Open roelschr opened 10 months ago

roelschr commented 10 months ago

I assume, because RayLLM runs on top of Ray Serve, I can follow these steps to get observability for LLM deployments (Kuberay).

But how can we get custom metrics that are specific to LLMs, like the ones that are being suggested by the Ray team itself: https://www.anyscale.com/blog/reproducible-performance-metrics-for-llm-inference#benchmarking-results-for-per-token-llm-products

akshay-anyscale commented 9 months ago

yes you should be able to setup observability using the ray serve general guides.

For the custom metrics, you can use "ray_aviary" to search the metrics (eg. if you're using grafana), we have most of the ones used in the blogs available.

roelschr commented 9 months ago

Thanks @akshay-anyscale , found all of them very useful!

But I'm seeing some discrepancy between the times reported by ray-llm prometheus metrics and by llmperf. While evaluating a llama2-7b deployment I see llmperf reporting ITL (out): 36.62 ms/token, but in Grafana, the avg (reported with rate(ray_aviary_router_get_response_stream_per_token_latency_ms_sum[$__rate_interval])/rate(ray_aviary_router_get_response_stream_per_token_latency_ms_count[$__rate_interval])) is around 101ms.

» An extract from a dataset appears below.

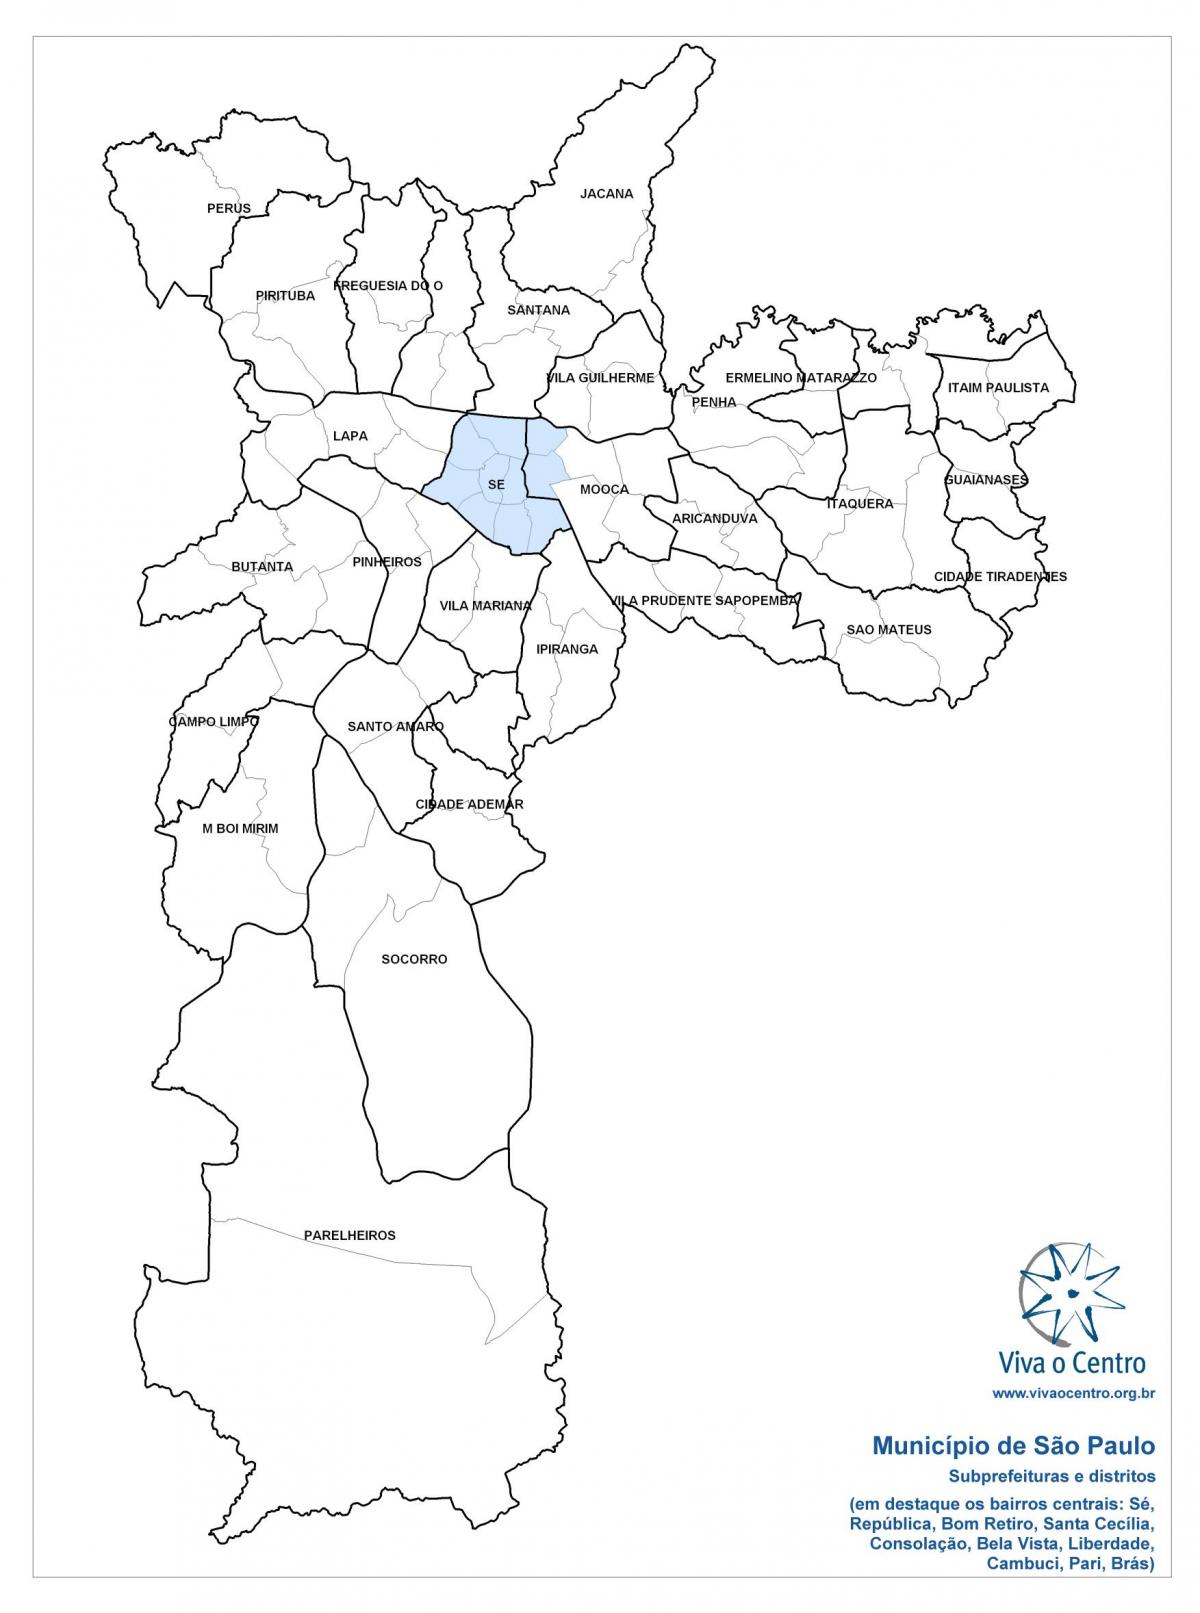 નકશો સેન્ટ્રલ ઝોન સાઓ પાઉલો

~I suspect per_token_latency includes time for the first token. Do you have any idea why only this metric seems different?~ I see token_latency clock being reset after the first token here. But I wonder whether the time to process during yielding the first token is what may be causing this inconsistency. In any case, I've check the time with other tools besides llmperf and they all match at around 35ms.

akshay-anyscale commented 9 months ago

Hi @roelschr I believe this is because we do some batching(upto 100ms) to make the streaming more efficient. If you make the denominator "ray_aviary_tokens_generated" instead, this should be closer to the llm perf value - the denominator would be off by 1 though because of the first token.